Data block —
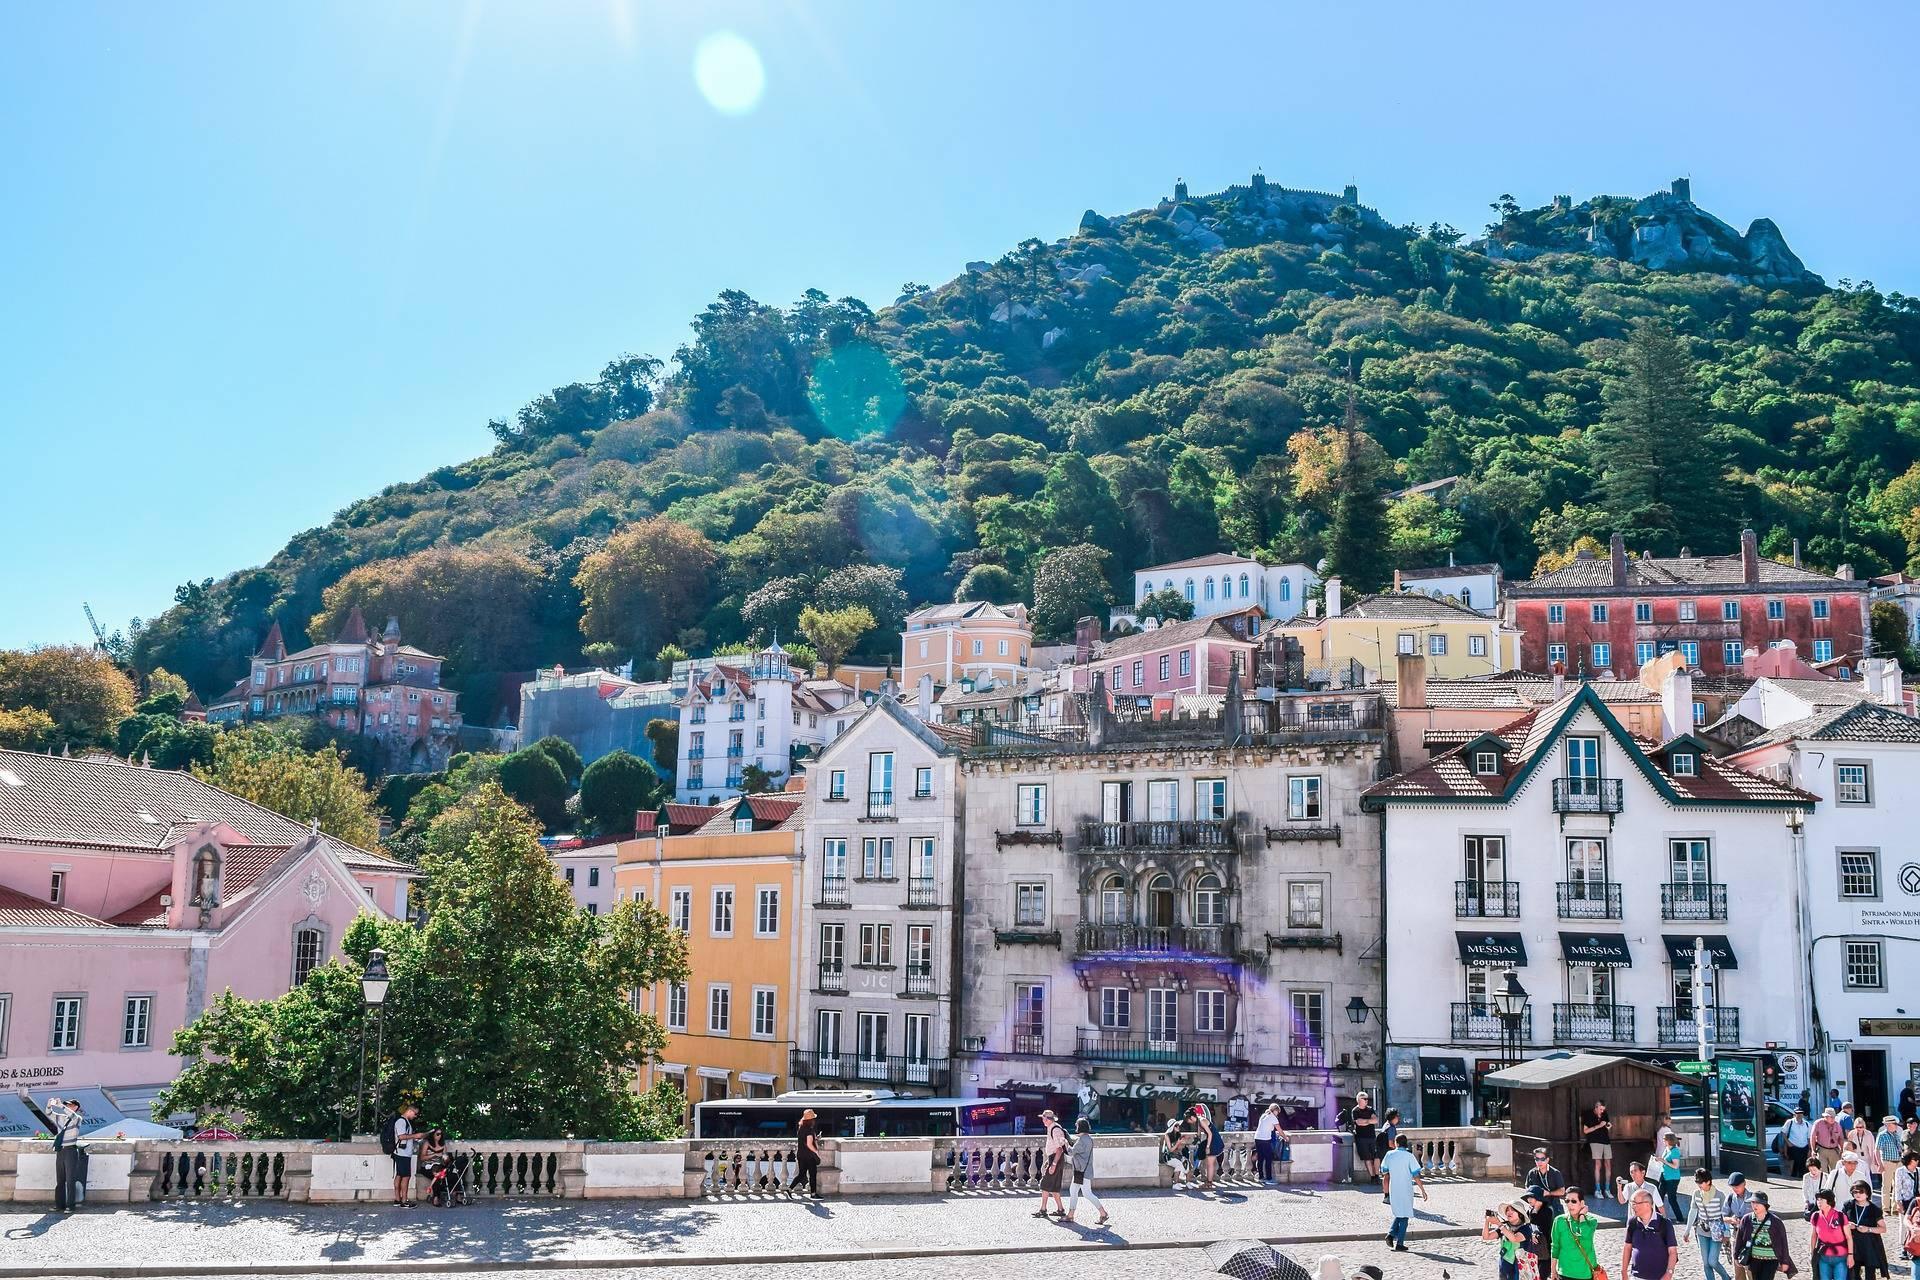 Un oraș din România a fost inclus în top 10 orașe din Europa unde se mănâncă cel mai bine
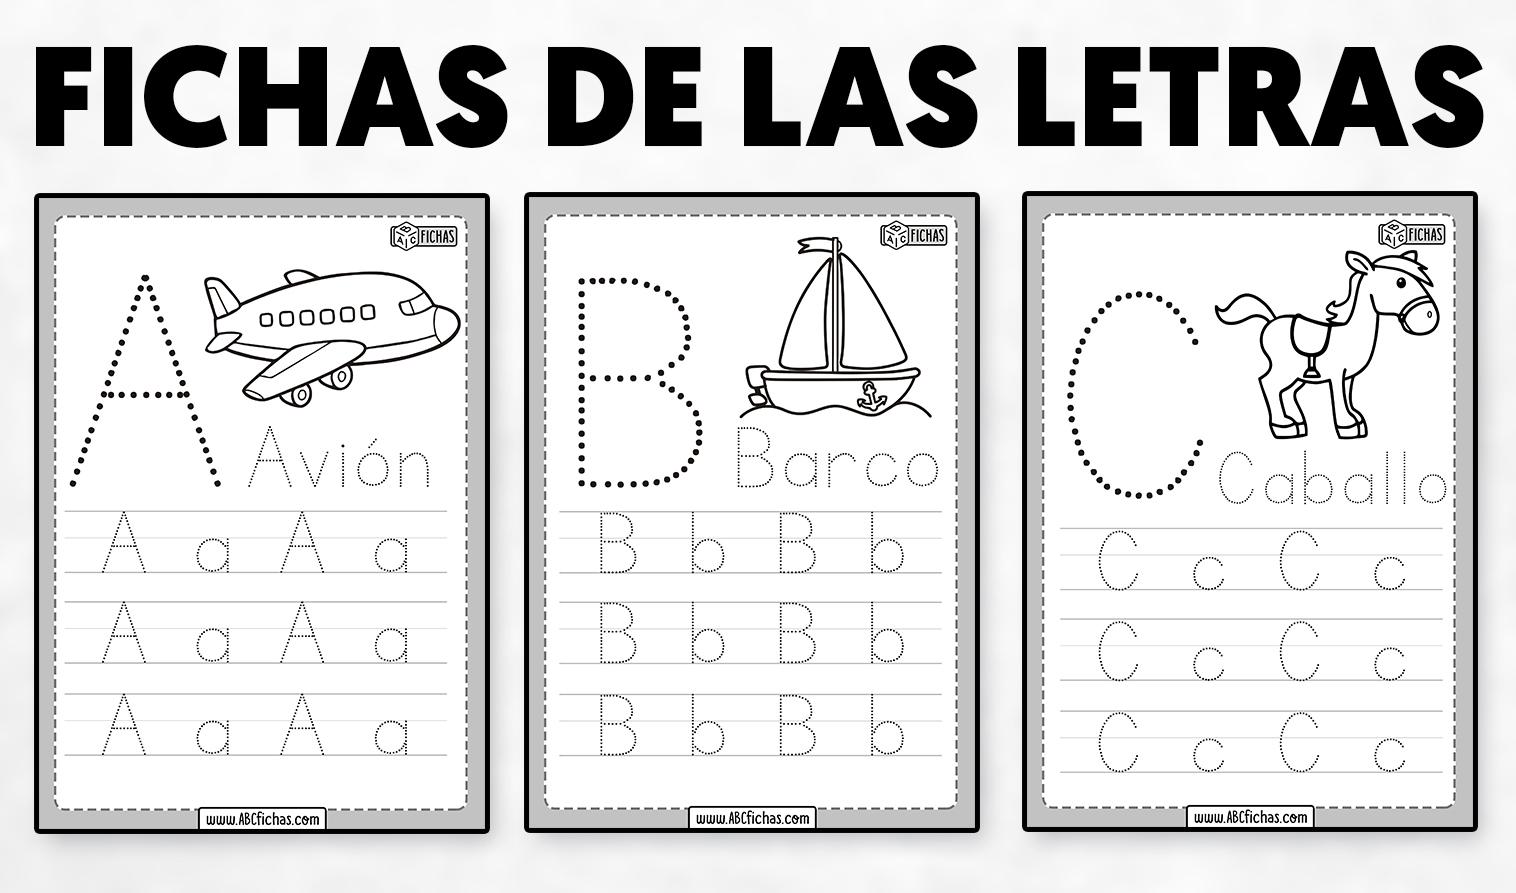 Fichas de las letras
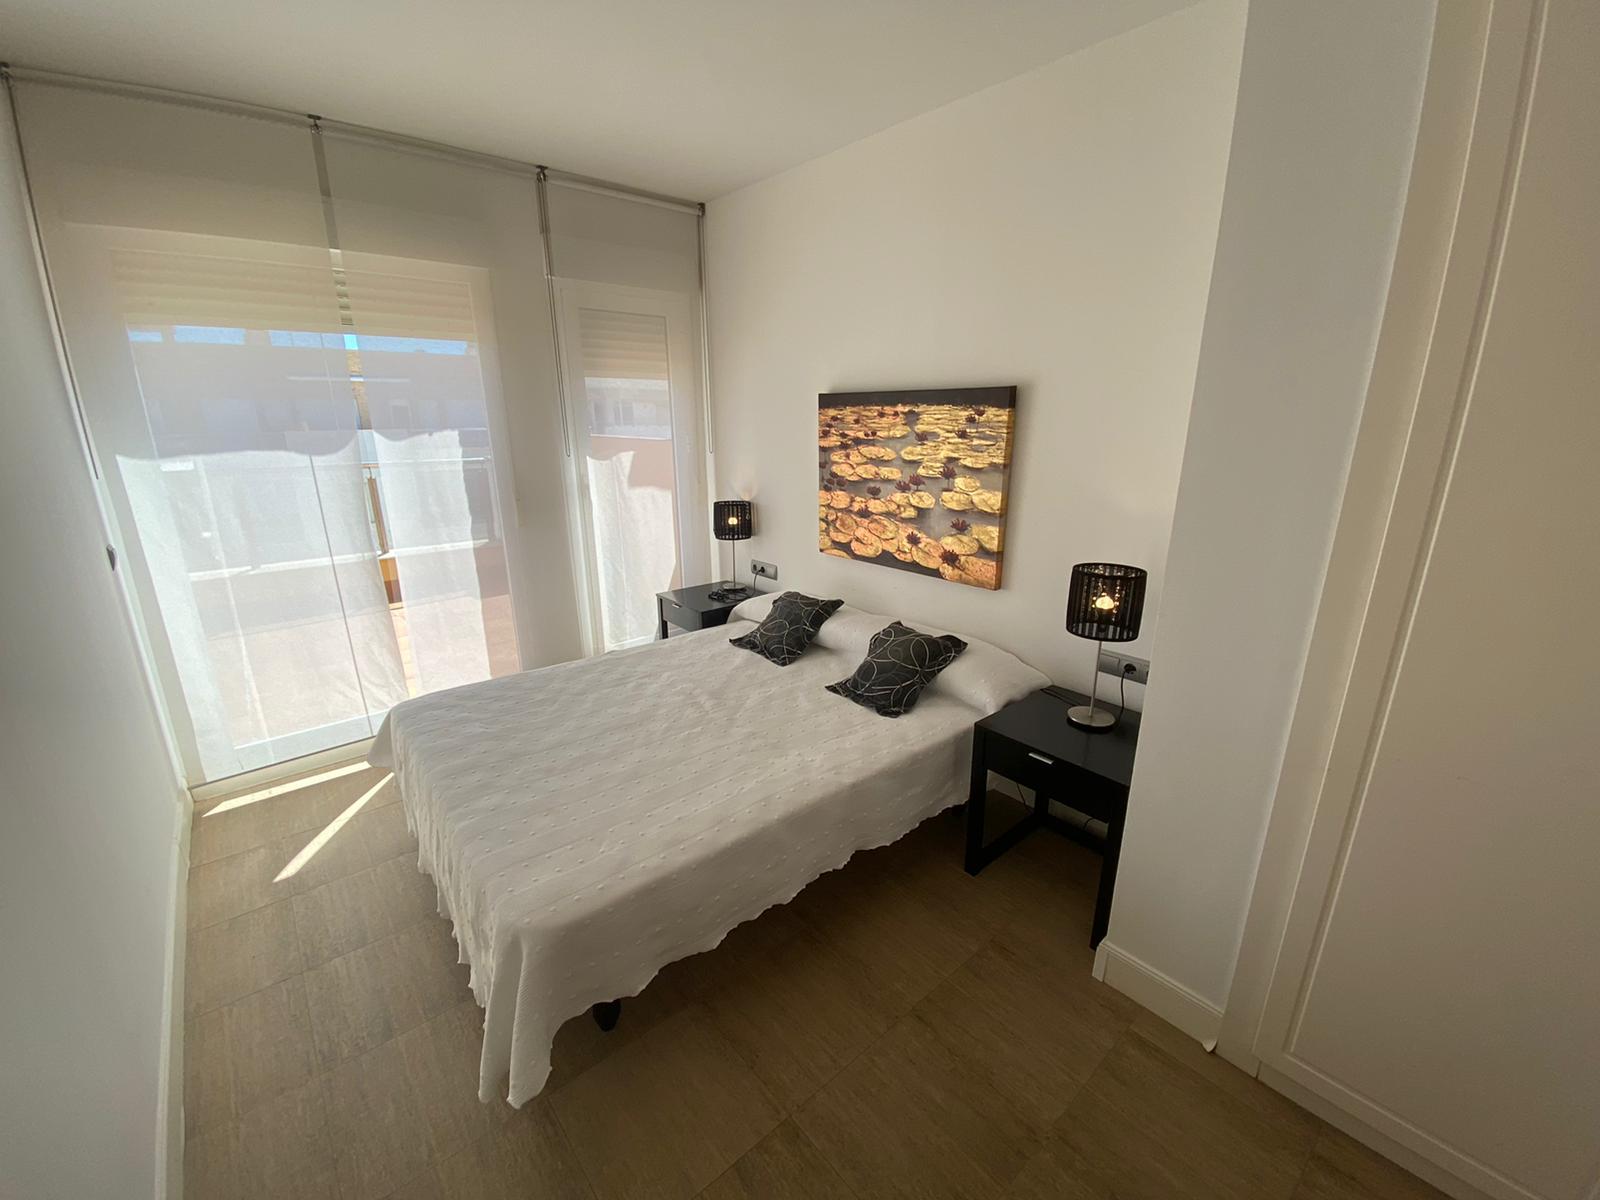 Imagen 9 del Apartamento Turístico, Ático 7 Poniente (3d+2b), Punta del Moral (HUELVA), Paseo de la Cruz nº22

Work to complete — Exact transcription of the full listing above is required; images do not belong in it.

Written response —
 Un oraș din România a fost inclus în top 10 orașe din Europa unde se mănâncă cel mai bine
 Fichas de las letras
 Imagen 9 del Apartamento Turístico, Ático 7 Poniente (3d+2b), Punta del Moral (HUELVA), Paseo de la Cruz nº22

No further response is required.